Use CXL memory for speculative KV cache:
- Pre-compute KV cache for likely follow-up queries
- Store speculative KV in CXL (cheap, large)
- Promote to HBM on cache hit
"""
return {
"concept": (
"Pre-compute and cache KV for common system prompts, "
"frequent user prefixes, and predicted follow-ups in CXL memory. "
"On cache hit, promote to HBM for fast decode."
),
"economics": {
"hbm_kv_cost": "10x base",
"cxl_kv_cost": "1.5x base",
"hit_rate_needed_for_breakeven": "15%",
"typical_hit_rate_chatbot": "40-70%",
"typical_hit_rate_code": "20-40%",
},
"latency": {
"cxl_to_hbm_promote_ms": 0.5, # 4KB block
"vs_full_prefill_ms": 50, # 500 token prefill
"speedup_on_hit": "100x TTFT improvement",
},
"capacity": {
"hbm_only_cached_prefixes": 100, # 80GB budget
"cxl_extended_cached_prefixes": 5000, # 512GB CXL
"50x_more_cached_prefixes": True,
}
}
CXL-backed speculative KV caching can store 50x more prefix caches than HBM alone. For chatbot workloads with 40-70% prefix cache hit rates, this translates to 100x TTFT improvement on cache hits (0.5ms promotion vs 50ms prefill). The cost of CXL memory is 6.7x lower per GB than HBM, making this economically viable.

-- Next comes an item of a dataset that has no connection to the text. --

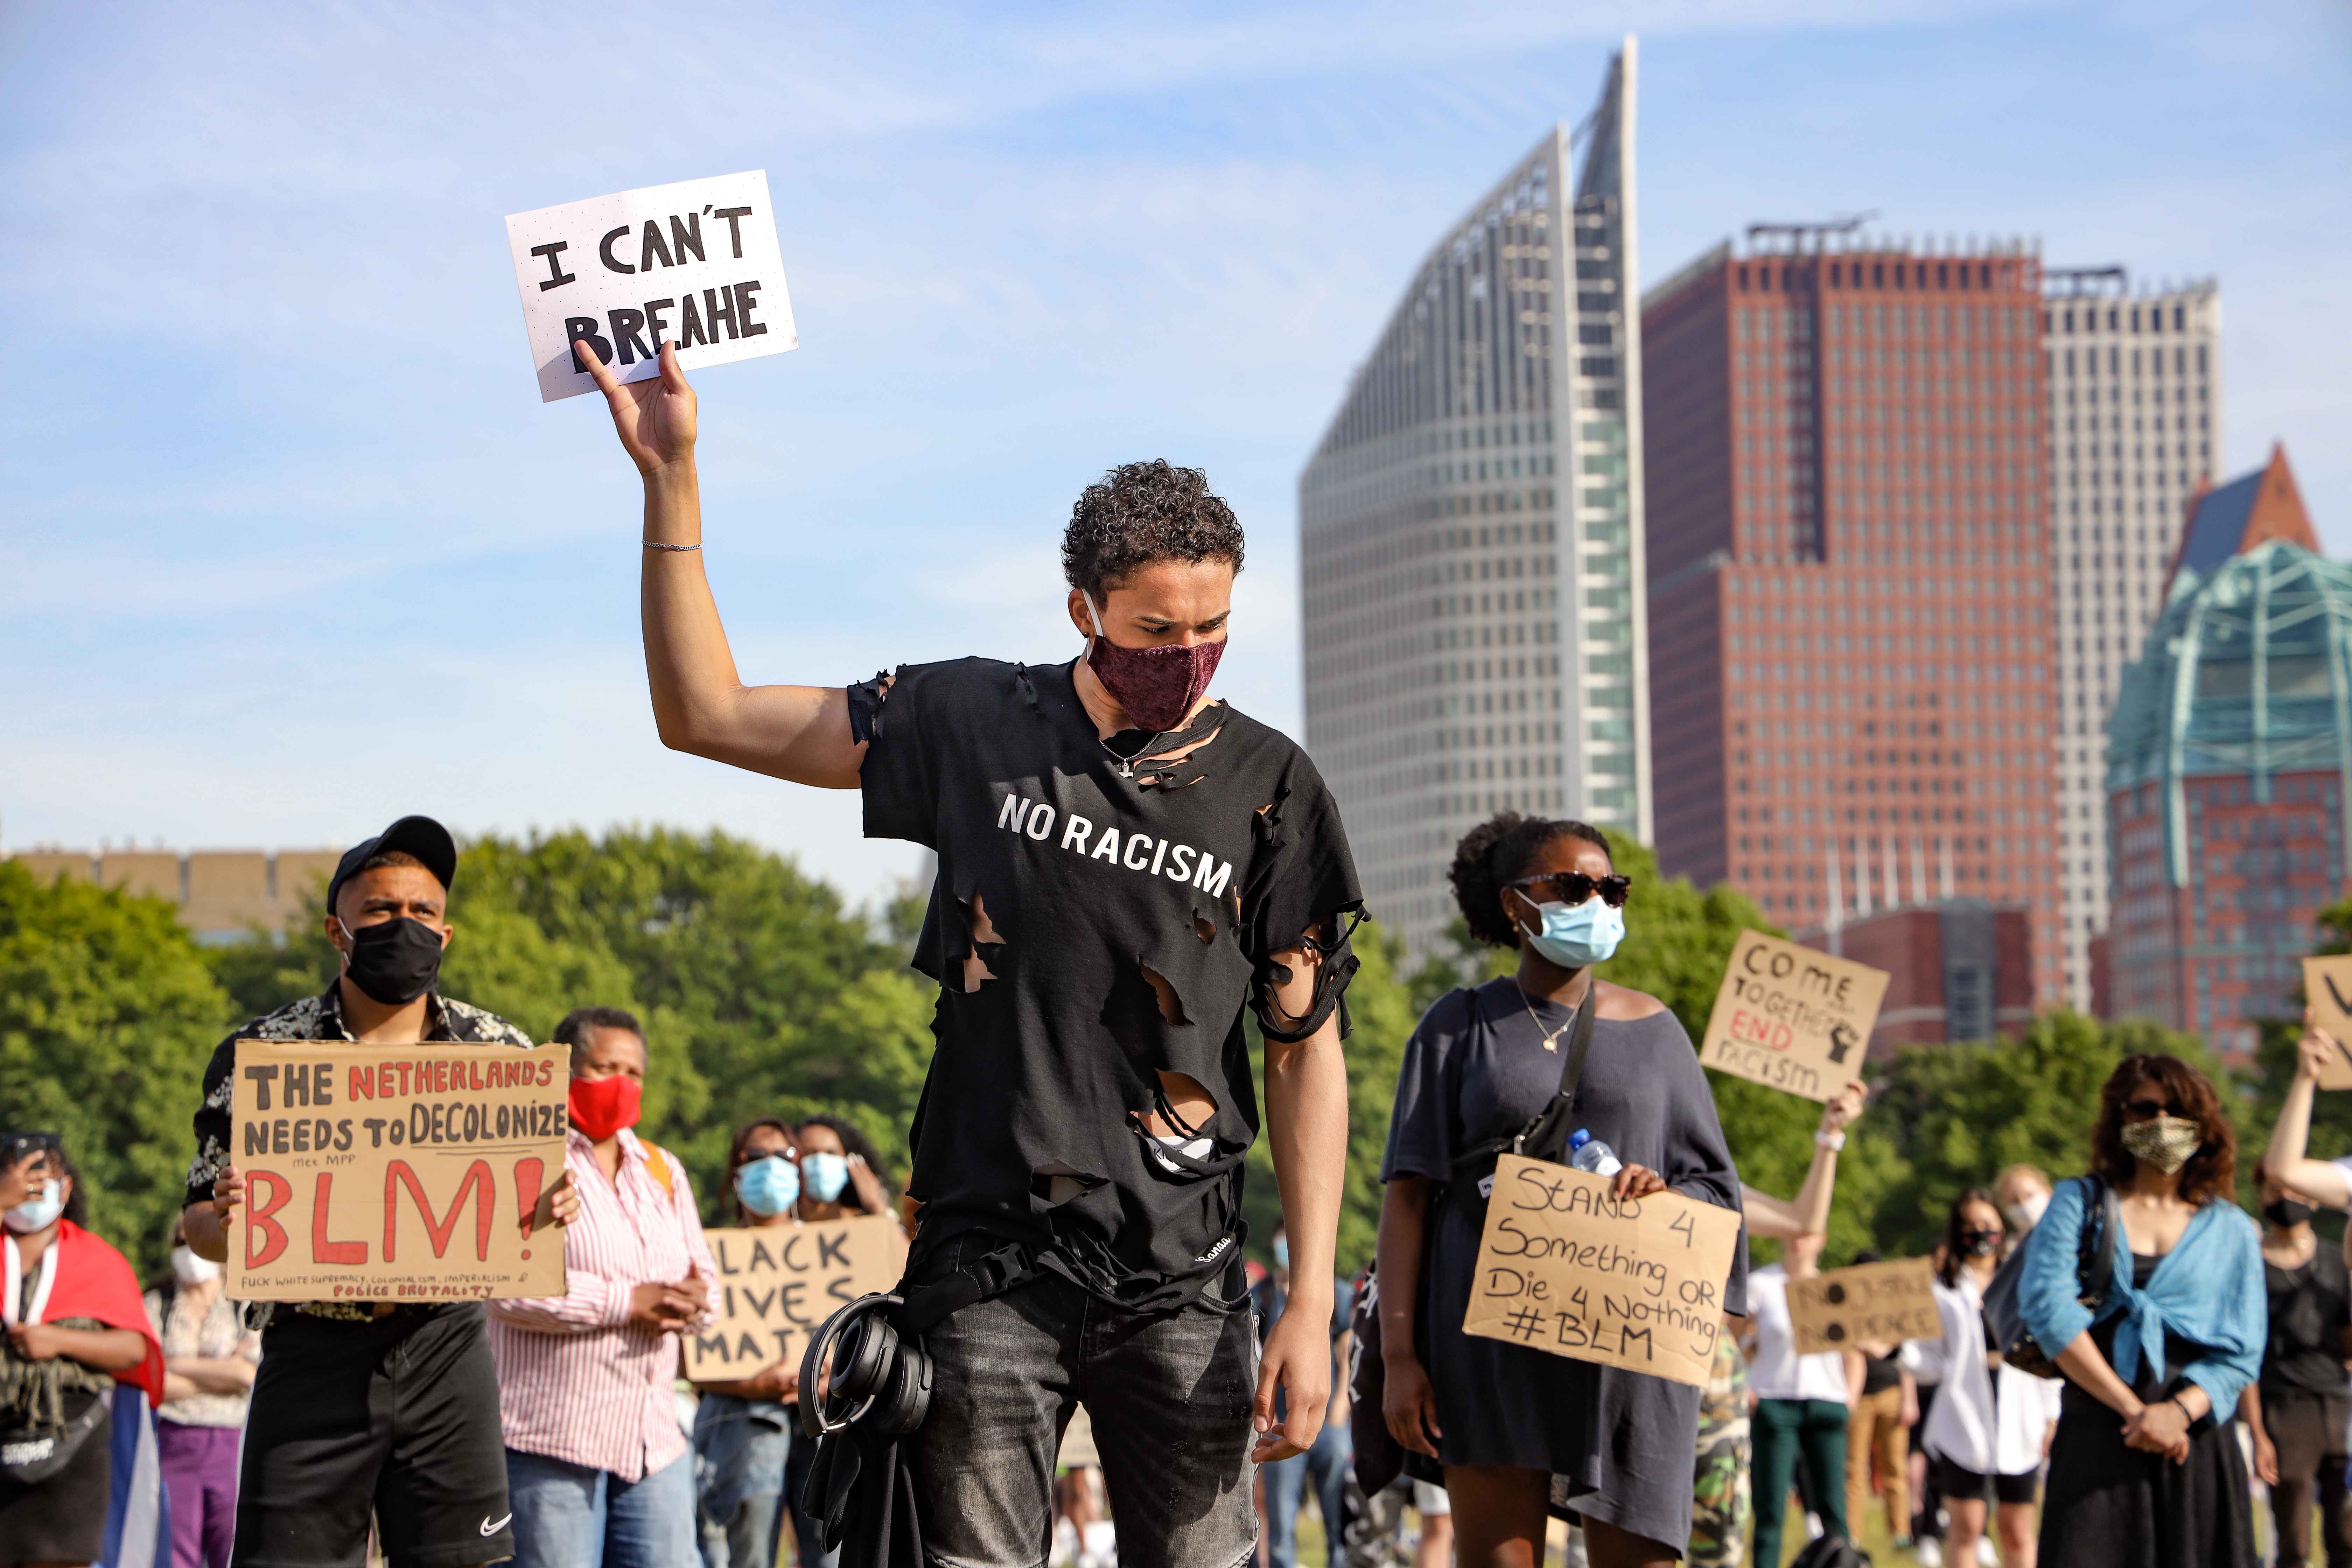 Black Lives Matter demonstratie tijdens Corona pandemie 2020, fotograaf Sandra Uittenbogaart

Timeline and Hardware Dependencies
def roadmap_timeline() -> dict:
"""
Dynamo feature roadmap with hardware dependencies.
"""
return {
"2025_h2": {
"features": [
"Disaggregated prefill-decode (InfiniBand)",
"Basic CXL KV offloading (CXL 2.0)",
"Multi-model serving (router + workers)",
],
"hardware": "H100/H200 + InfiniBand HDR/NDR",
"status": "In development / early preview",
},
"2026_h1": {
"features": [
"NVLink Switch multi-node fabric",
"CXL 3.0 KV cache tiering",
"Workload-classified routing",
"Speculative KV caching with CXL",
],
"hardware": "B200/B300 + NVLink Switch + CXL 3.0 memory expanders",
"status": "Planned",
},
"2026_h2": {
"features": [
"Fully disaggregated architecture (prefill + decode + KV store)",
"Cross-datacenter KV cache replication",
"Heterogeneous GPU pool management (mix H100/H200/B200)",
],
"hardware": "Mixed GPU fleet + CXL 3.0 + NVLink Switch",
"status": "Roadmap",
},
"2027": {
"features": [
"CXL memory pooling (shared CXL fabric)",
"Compute-storage disaggregation (KV cache as service)",
"Autonomous workload optimization (ML-driven routing)",
],
"hardware": "CXL 3.1 fabric + next-gen NVLink",
"status": "Vision",
}
}
Dynamo Roadmap Timeline
| Timeframe | Key Feature | Hardware Dependency | Impact |
|---|---|---|---|
| 2025 H2 | Disaggregated prefill-decode | H100 + InfiniBand | 30-40% cost reduction |
| 2026 H1 | NVLink Switch multi-node | B200 + NVLink Switch | 18x inter-node bandwidth |
| 2026 H1 | CXL 3.0 KV tiering | CXL 3.0 expanders | 50x more cached prefixes |
| 2026 H2 | Fully disaggregated | Mixed fleet + CXL | 2x overall efficiency |
| 2027 | KV cache as a service | CXL 3.1 fabric | Stateless GPU serving |
Projected Cost per 1M Tokens (70B Model) Over Time
The trajectory is clear: each architectural improvement roughly halves cost per token. CXL makes KV cache economically abundant, NVLink Switch eliminates the inter-node communication bottleneck, and disaggregated serving matches GPU types to workload phases. By 2027, stateless GPU serving with KV cache as a separate service will fundamentally change how LLM inference infrastructure is designed — GPUs become pure compute engines, and memory becomes a separately managed, tiered resource.